È un peccato che ci sia chi snobba lo sport. Venticinque e più secoli fa, nella culla della civiltà europea, lo sport faceva parte della cultura bassa, alta e altissima (il filosofo Aristocle, passato alla storia come Platone, era un eccellente giavellottista) e lo sport faceva addirittura parte della religione. Leon Battista Alberti era un atleta eclettico e, tra i vari sport, brillava nel salto in alto. Nella Gran Bretagna di un tempo praticare sport era un’ovvietà per la nobiltà e l’alta borghesia. Giacomo Leopardi, sulle cui doti atletiche sorvolo, dedicò una poesia ad un giocatore di pallone, e Umberto Saba cantò il goal del calcio. Le Olimpiadi moderne sono state inventate da un barone francese… Insomma, fatta salva la libertà di ognuno di comportarsi come preferisce e di dedicarsi a ciò che più gli aggrada, chi snobba lo sport è un po’ becero e un po’ incolto.

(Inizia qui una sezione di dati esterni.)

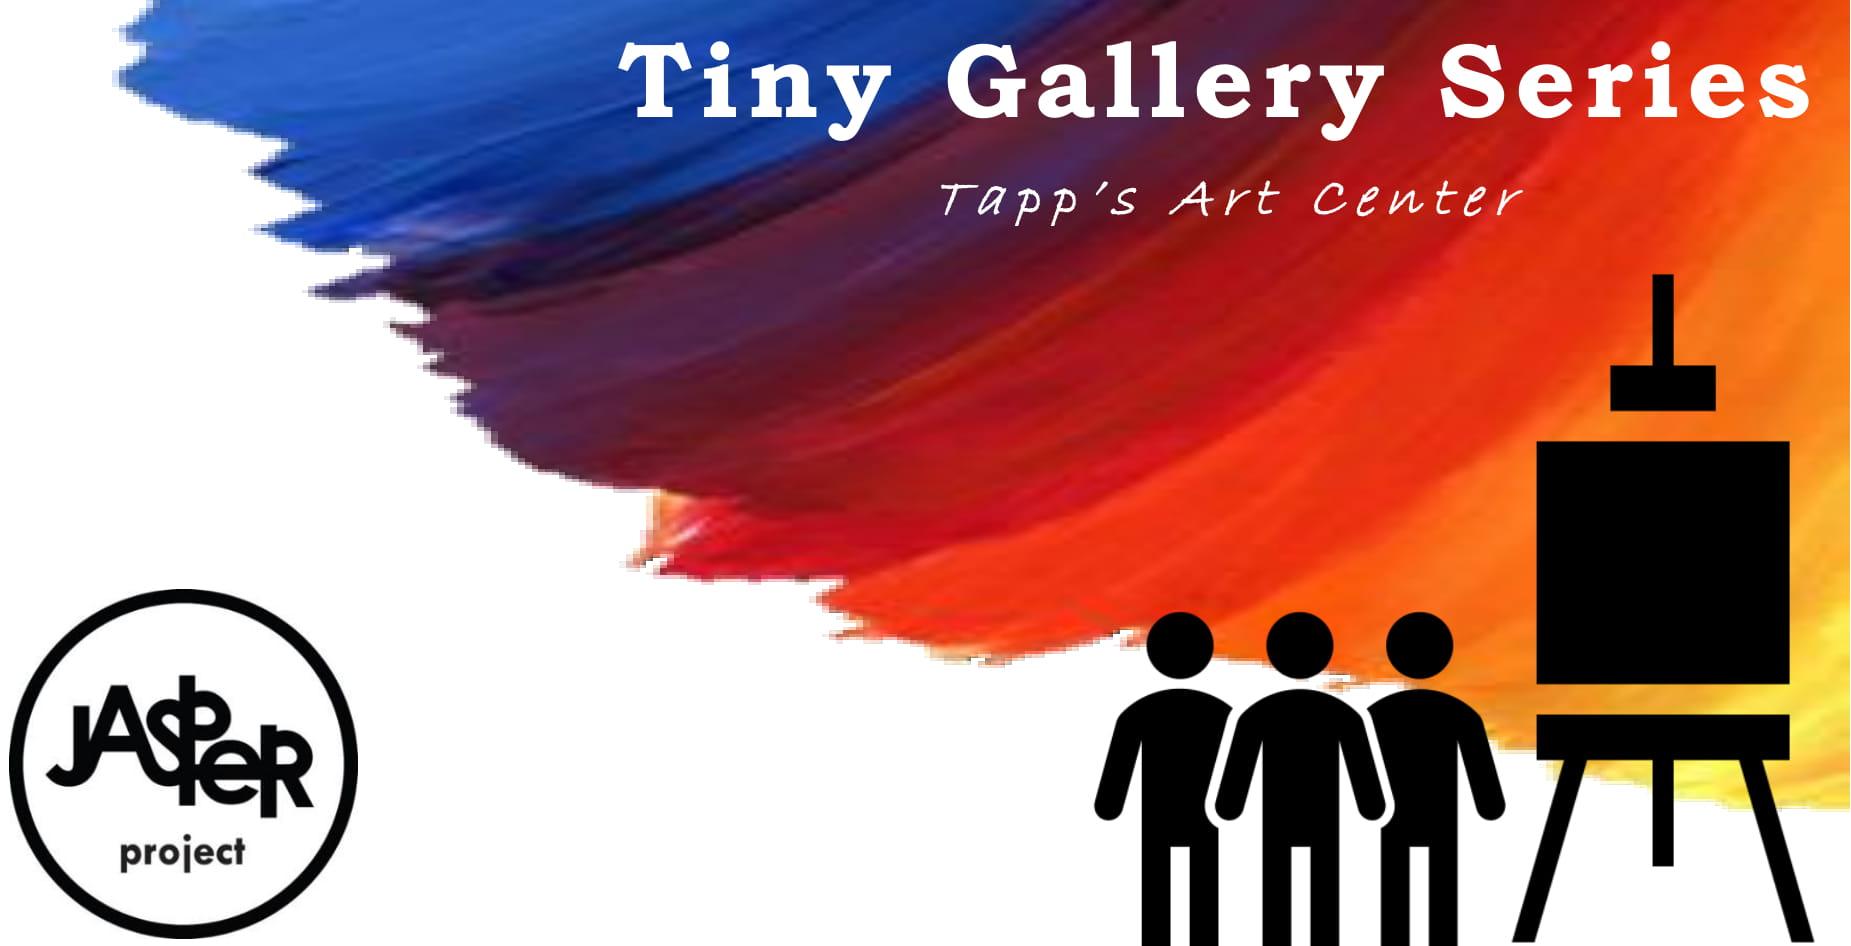 Tiny Gallery Series Graphic 1 JPG.jpg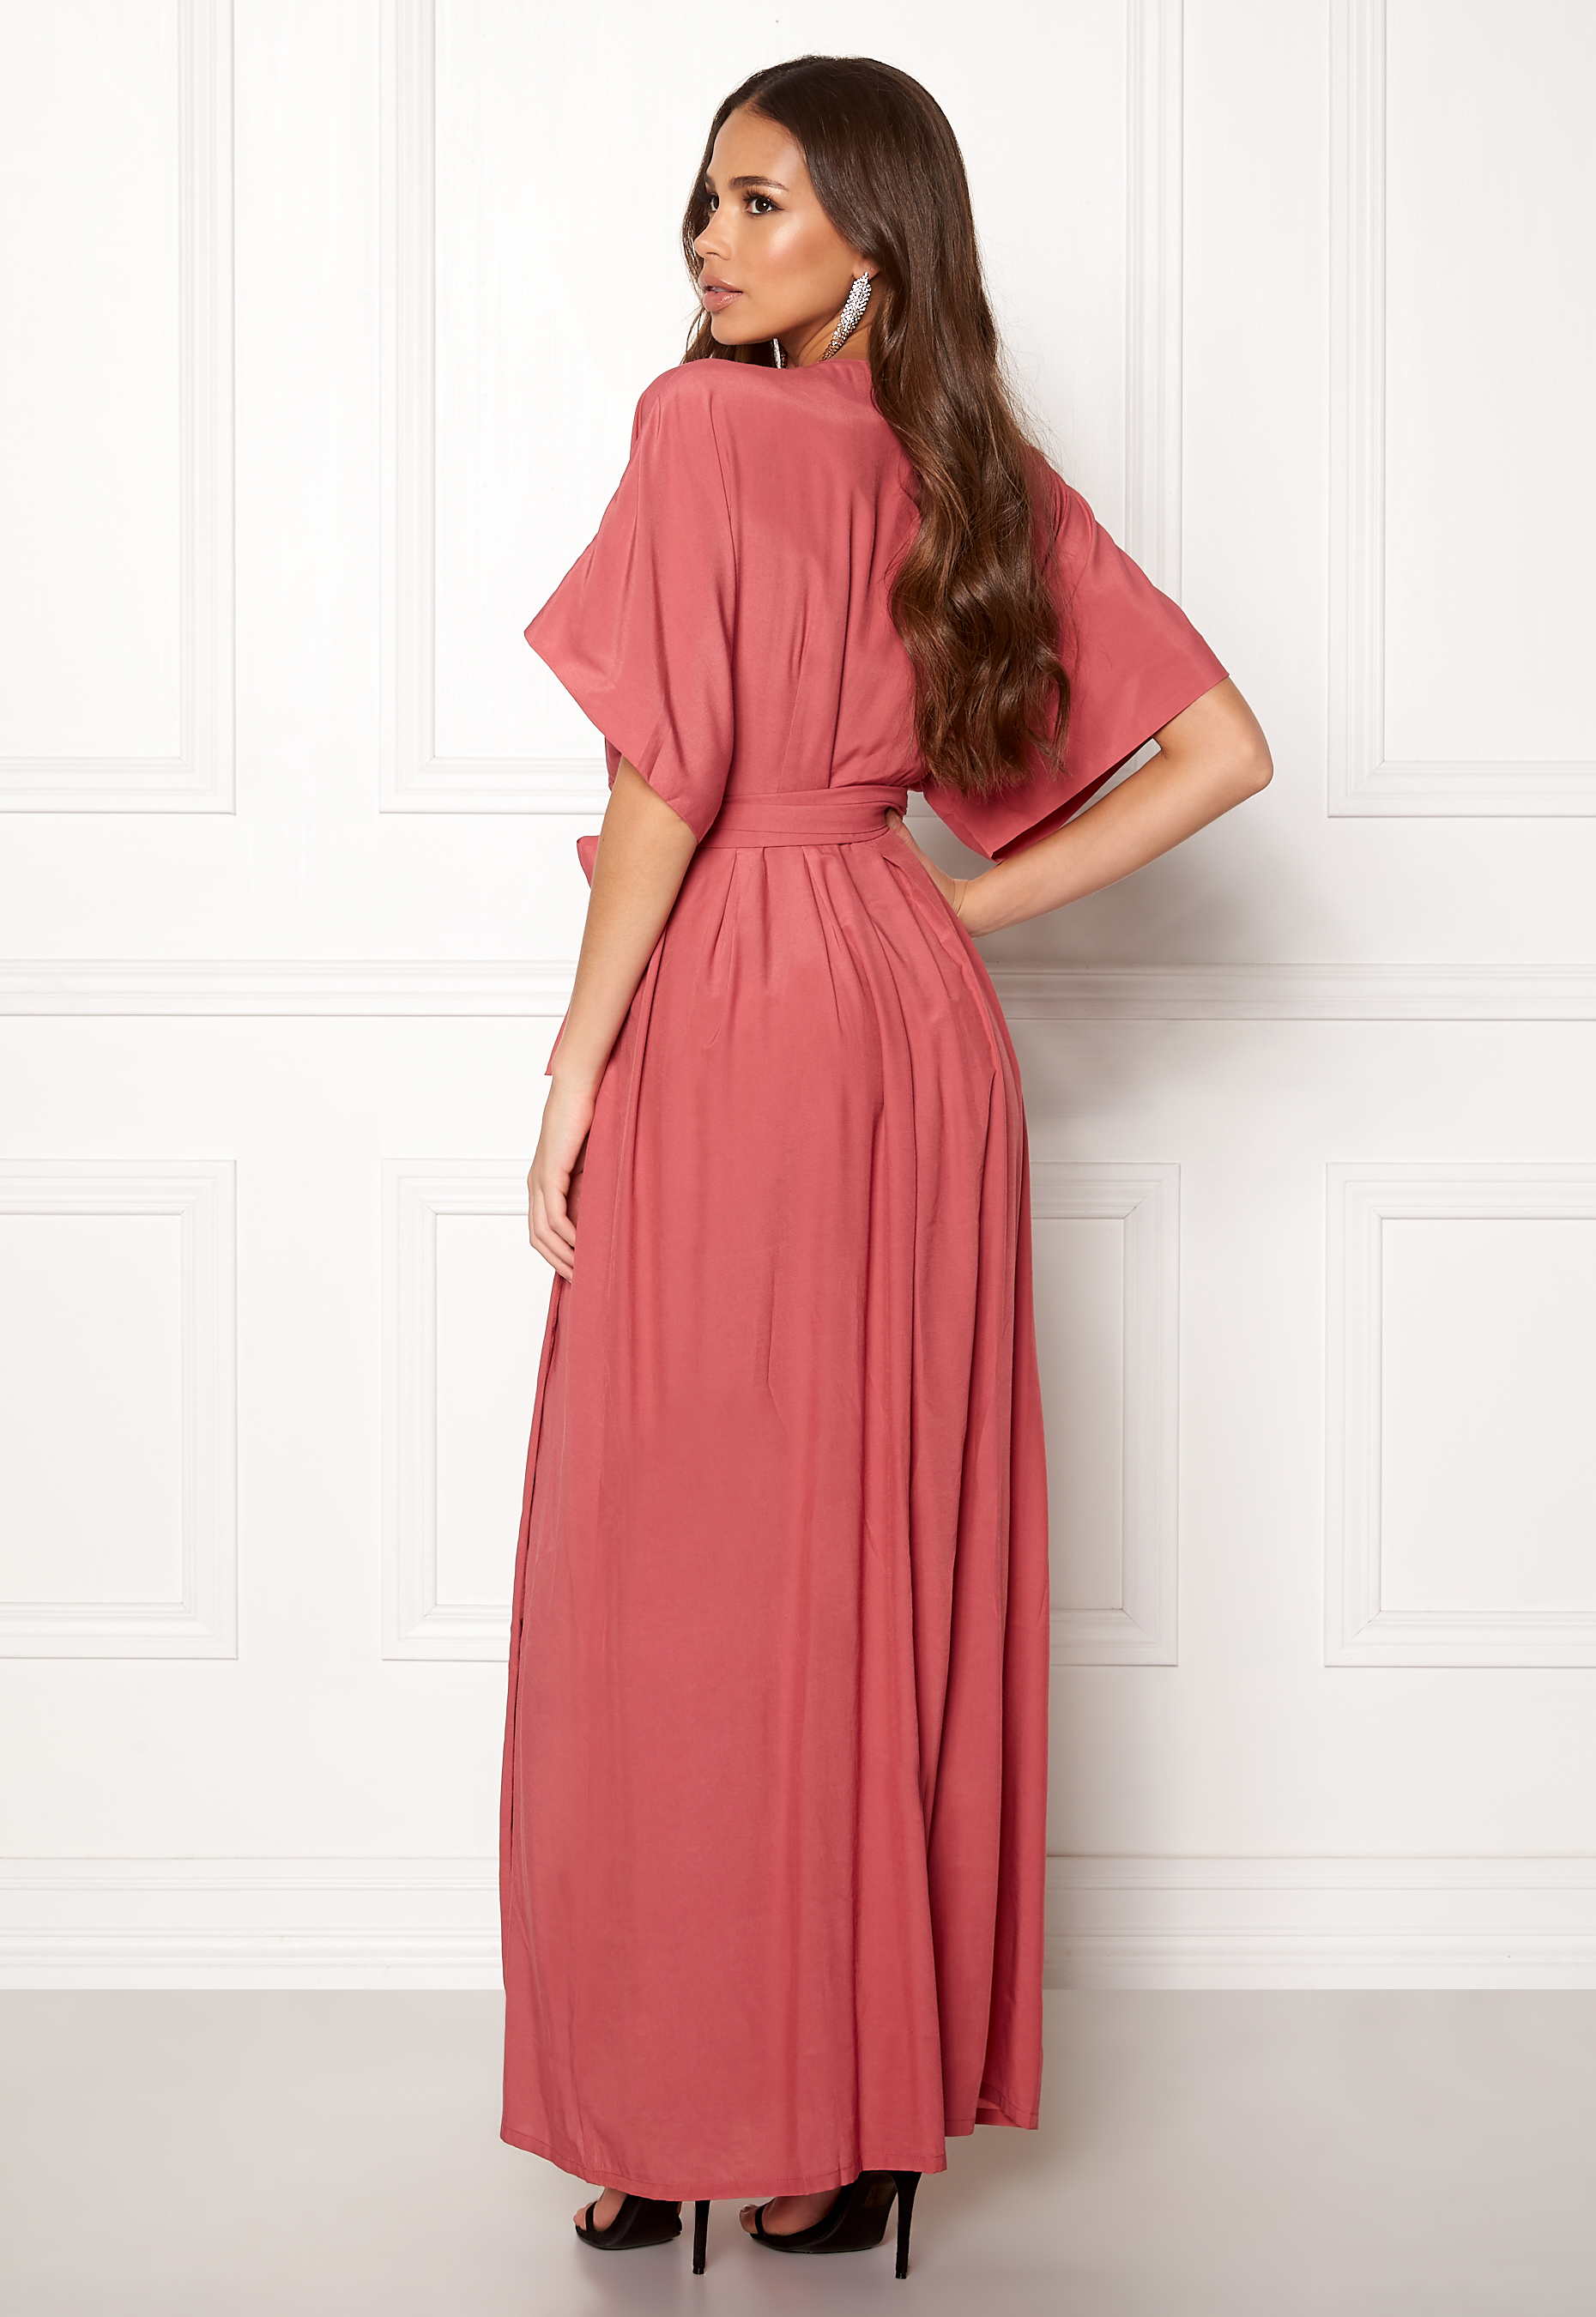 b5c4567a DRY LAKE Florence Dress Dull Pink - Bubbleroom

Ma oggi… Oggi lo sport vistoso, quello della tibbù, quello dei contratti multimilionari, quello delle Olimpiadi, di colto e di sacrale ha ben poco. Anzi – e lo dico con molta amarezza – non ha nulla.
Per motivi gastroenterici personali non torno sulla vergognosa cerimonia di apertura delle più squallidamente sguaiate e blasfeme olimpiadi moderne, e mi limito a far notare certi arbitraggi quanto meno sospetti. E che dire della farsa pericolosa delle gare nei liquami marroni della Senna? Già si è verificato un caso d’infezione di Escherichia coli a carico di Claire Michel, triatleta belga, che ha saggiamente indotto il ritiro di tutta la squadra. E che dire del tizio che si presenta sul ring della boxe femminile? E, ancora, che dire degli arancioni olandesi che schierano nella pallavolo da spiaggia un personaggio come Steven van de Velde che ha nel suo palmares lo stupro di una bambina? Per carità: come dicono i “politicamente corretti”, ha già pagato il suo debito con quattro anni di galera, ma c’era proprio bisogno di lui? Certo, di orrori nello sport ne abbiamo un vasto repertorio, ma la domanda è: è sport o è altro? Lo sport dovrebbe servire da esempio non solo muscolare ma, e soprattutto, morale. Però, evidentemente, io sono convinto di questo perché sono un illuso fuori tempo.
Lo sport non è solo un gioco: è da sempre una rappresentazione allegorica della vita umana: la caccia, la guerra, la bellezza del gesto… Oggi? Oggi è ancora così: tutto ciò che di ripugnante vediamo nello sport è una rappresentazione della vita che stiamo consegnando ai nostri figli.